YOUR ASSIGNMENT: Note on the material below: return exactly the lines from the line that holds "Happy birthday, John" through the line that holds "Saturday Graphic Tee", and leave out each picture.

** Opening STORED DATA block **

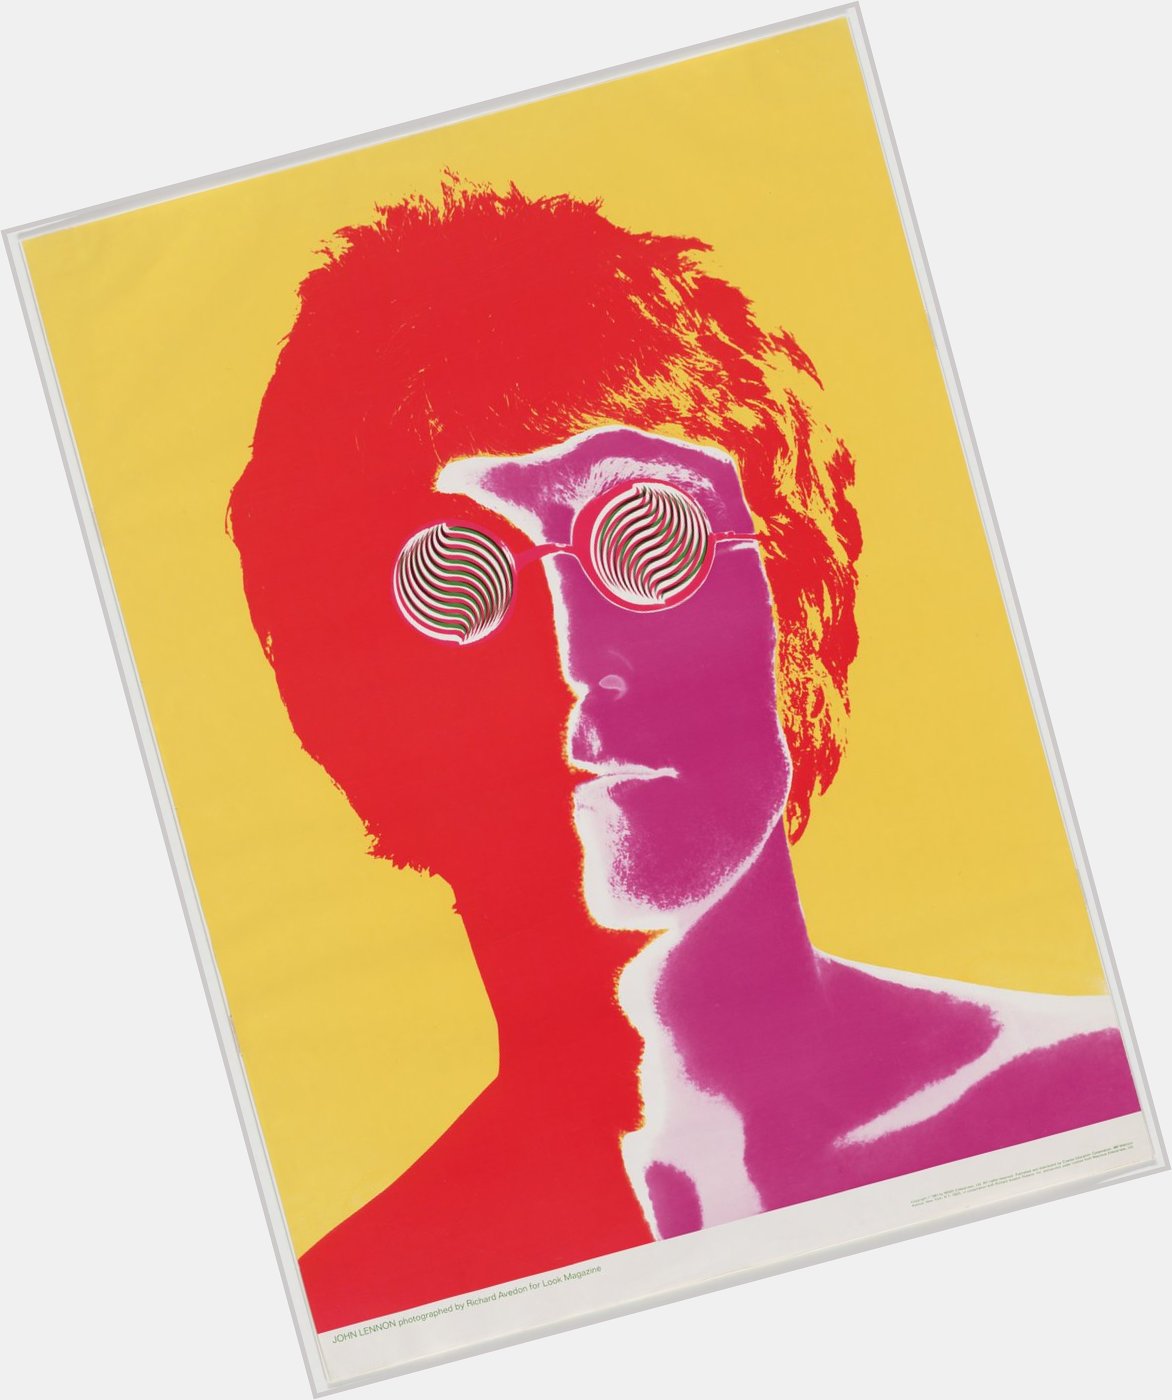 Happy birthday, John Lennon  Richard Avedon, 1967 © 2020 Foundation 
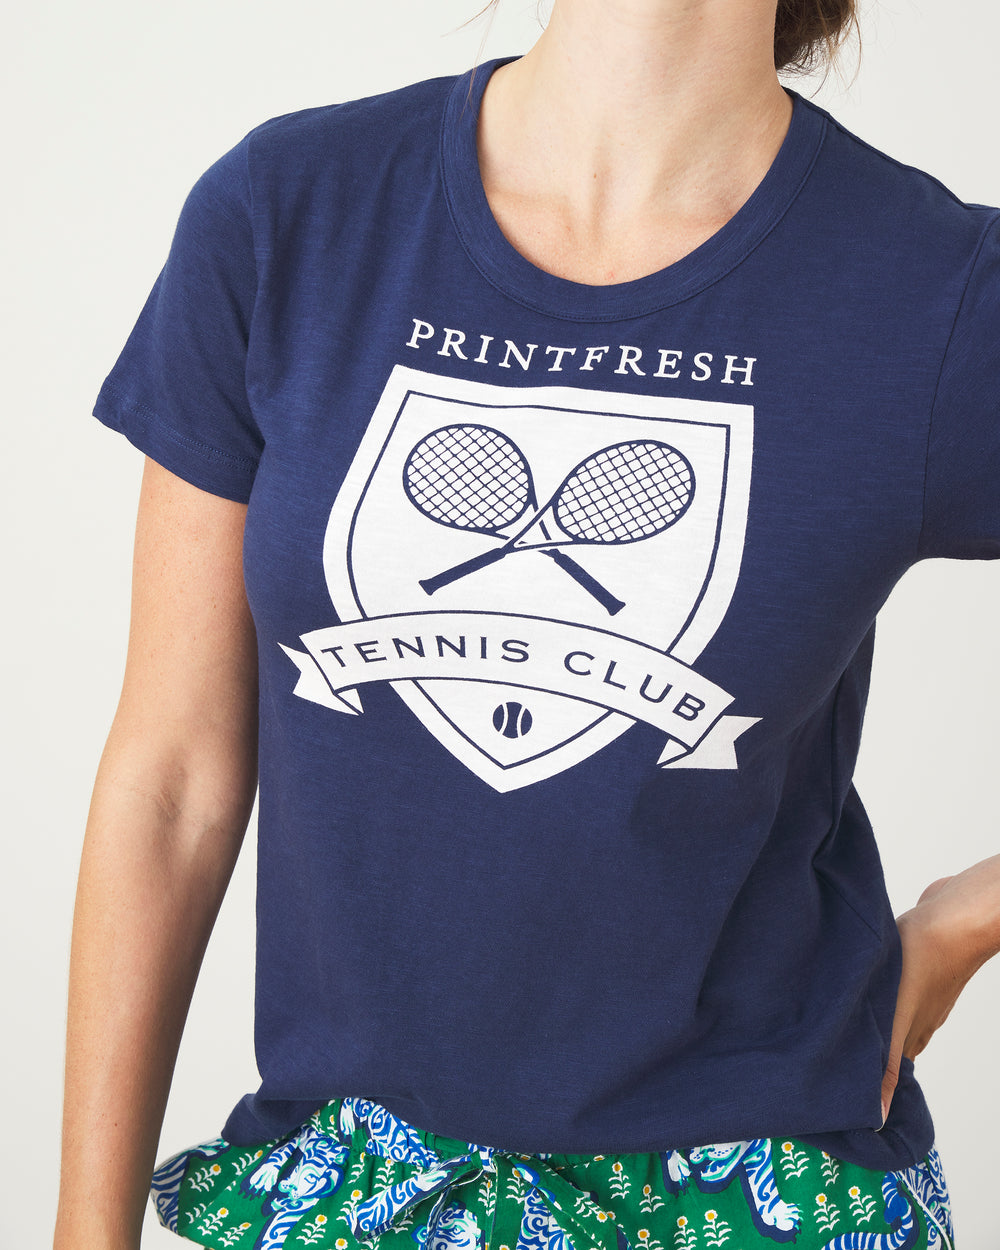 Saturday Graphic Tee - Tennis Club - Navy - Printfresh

** Closing STORED DATA block **
** Opening STORED DATA block **

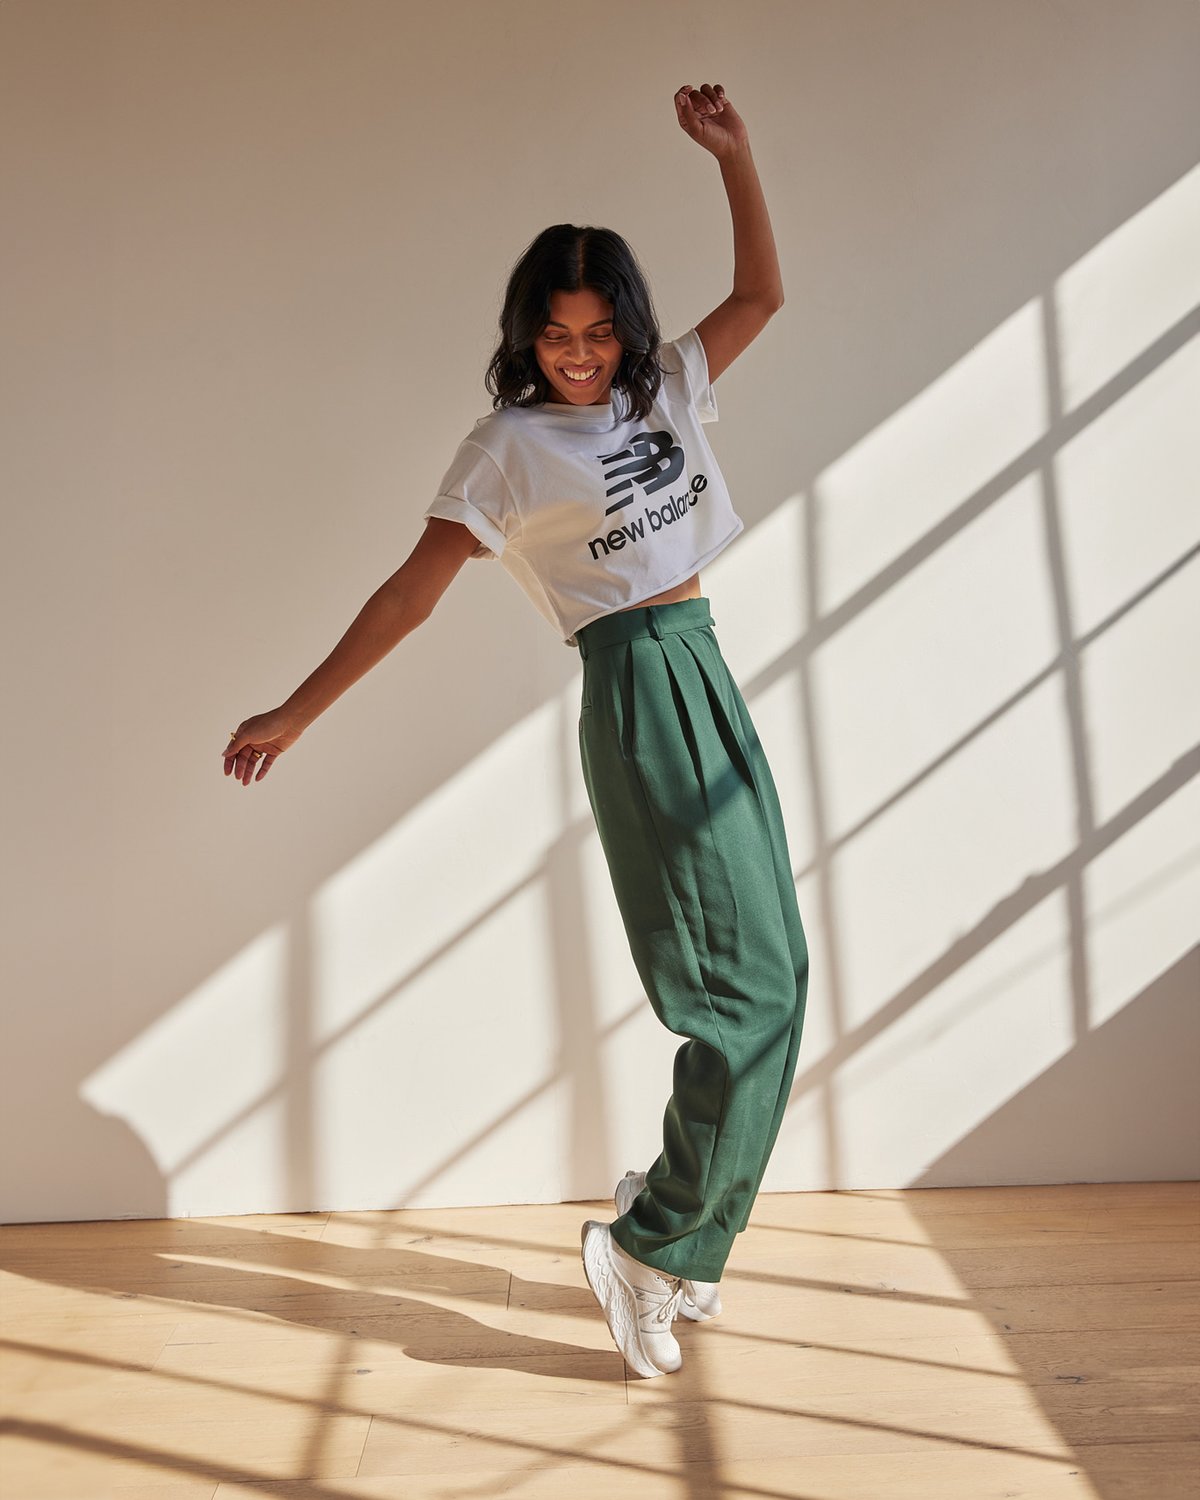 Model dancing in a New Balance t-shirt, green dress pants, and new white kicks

** Closing STORED DATA block **
** Opening STORED DATA block **

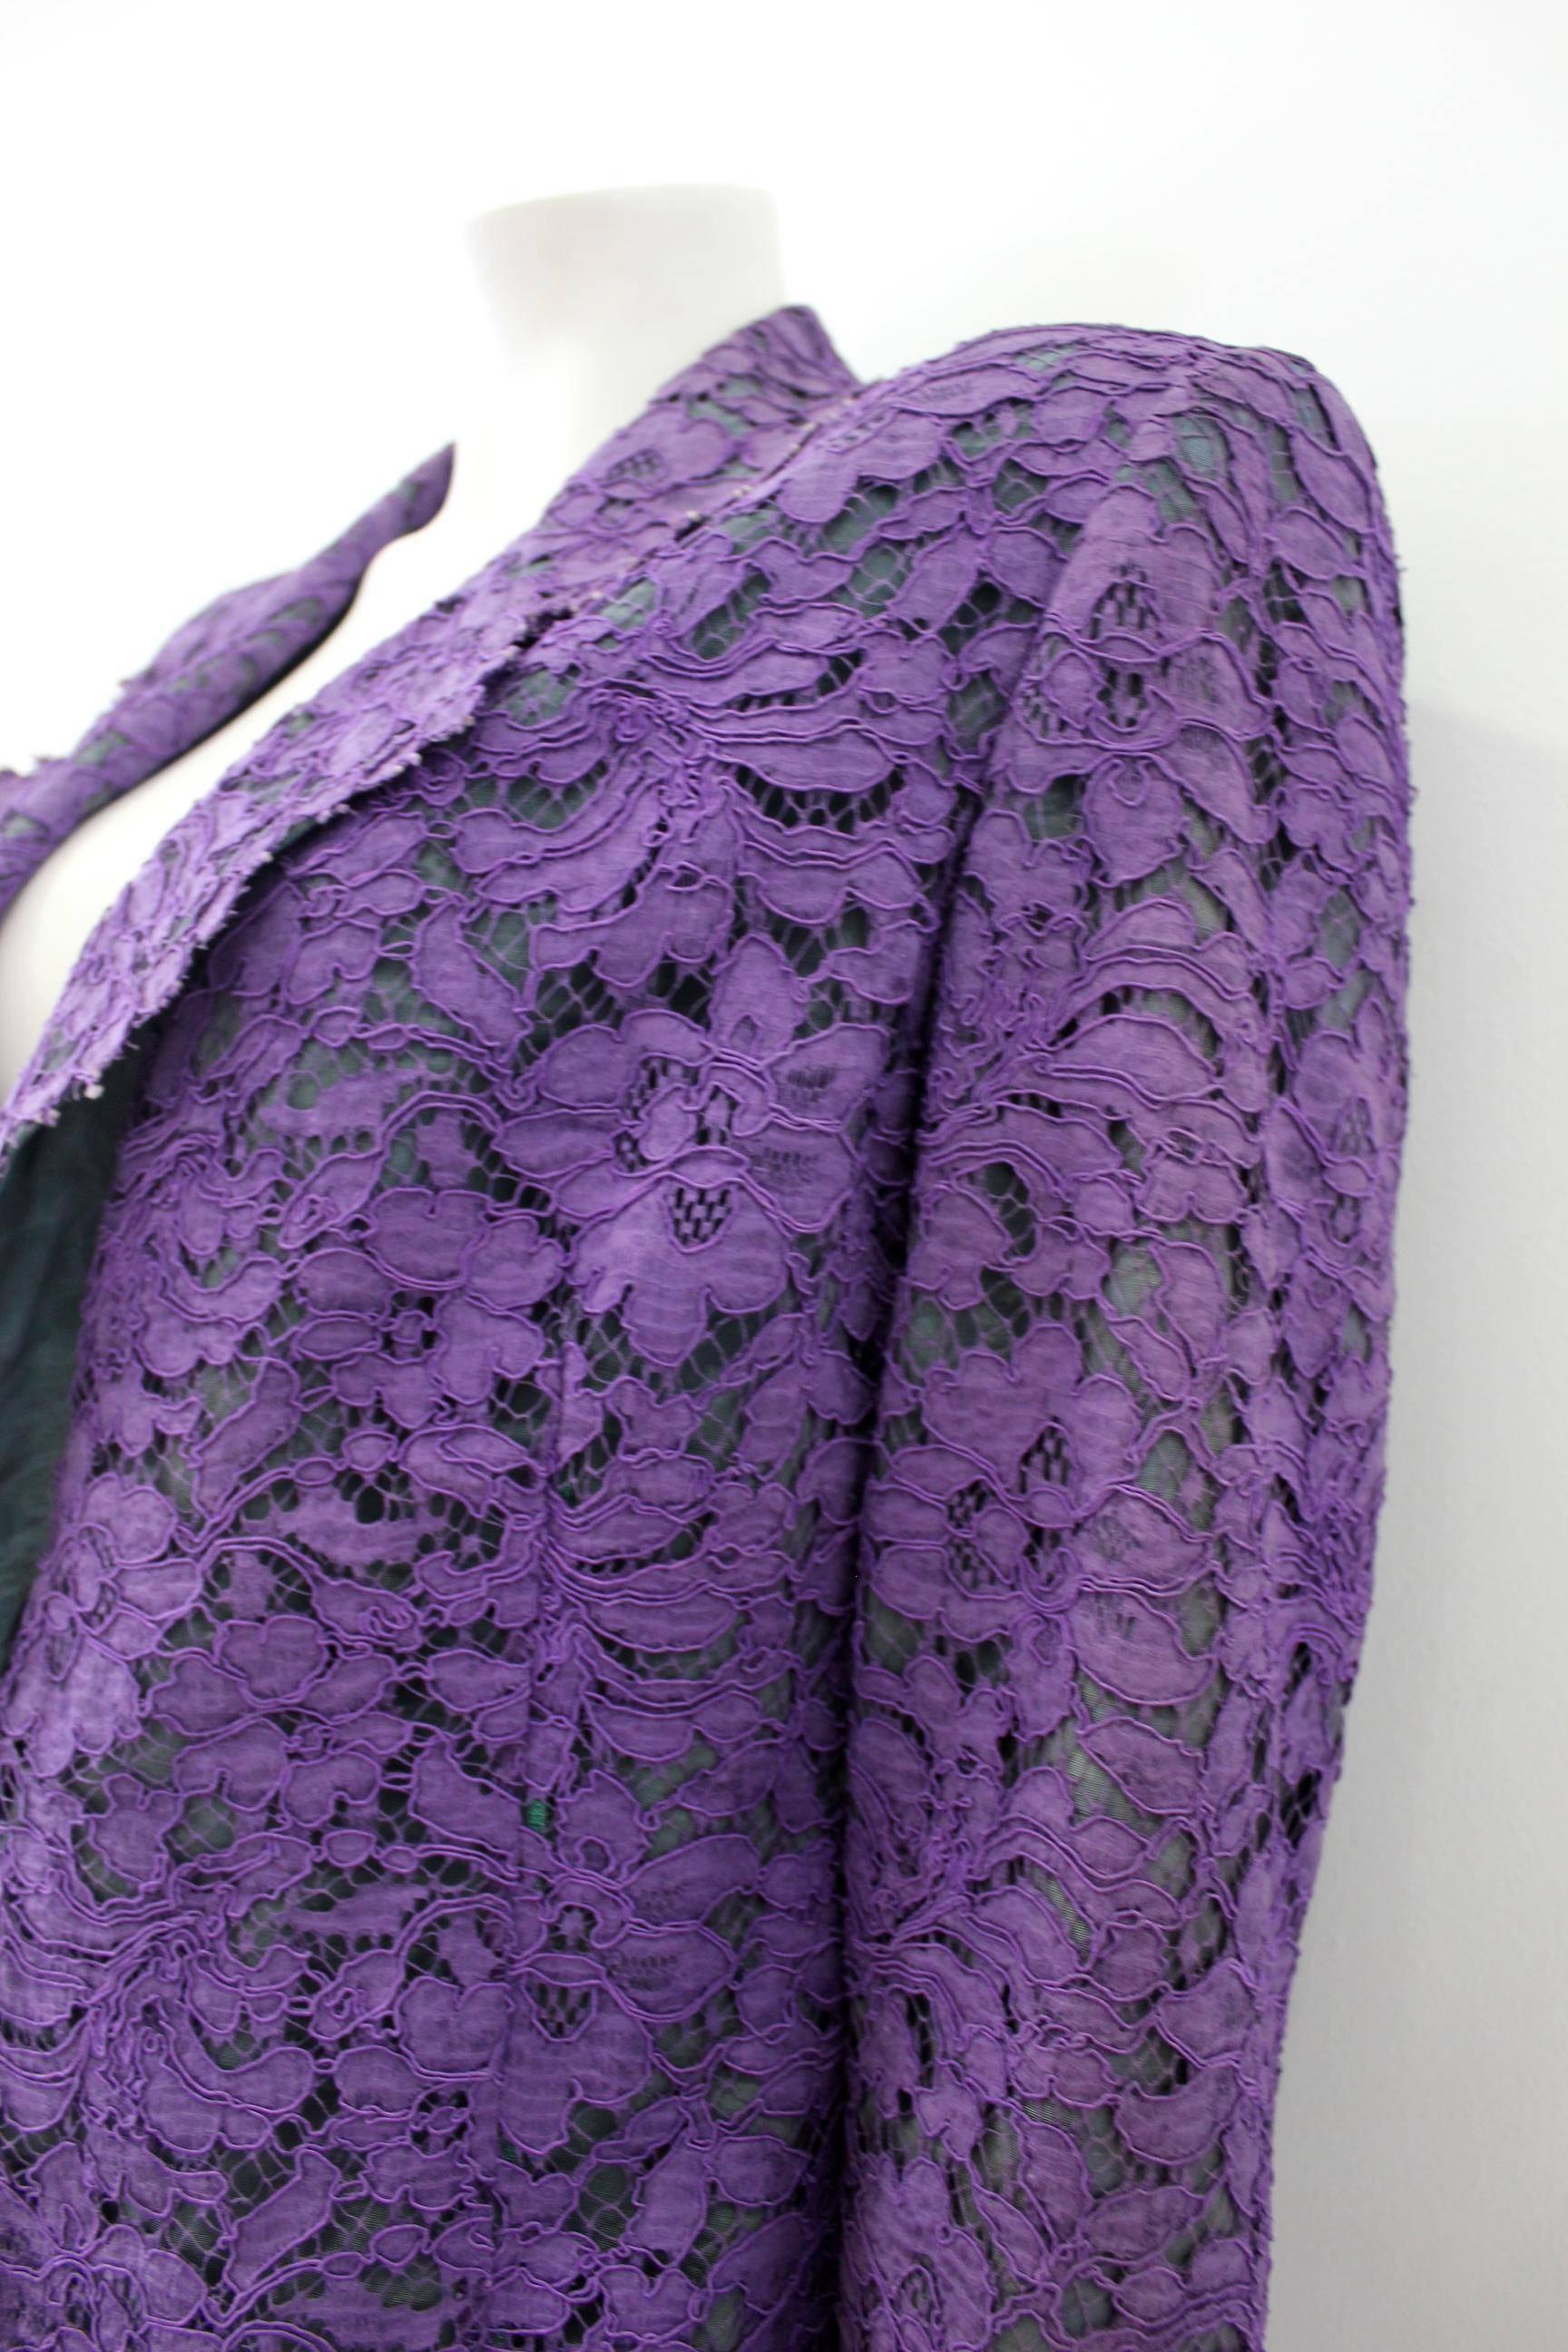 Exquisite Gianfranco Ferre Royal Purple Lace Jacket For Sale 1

** Closing STORED DATA block **

SOLUTION TO THIS EXERCISE:
 Happy birthday, John Lennon  Richard Avedon, 1967 © 2020 Foundation 
 Saturday Graphic Tee - Tennis Club - Navy - Printfresh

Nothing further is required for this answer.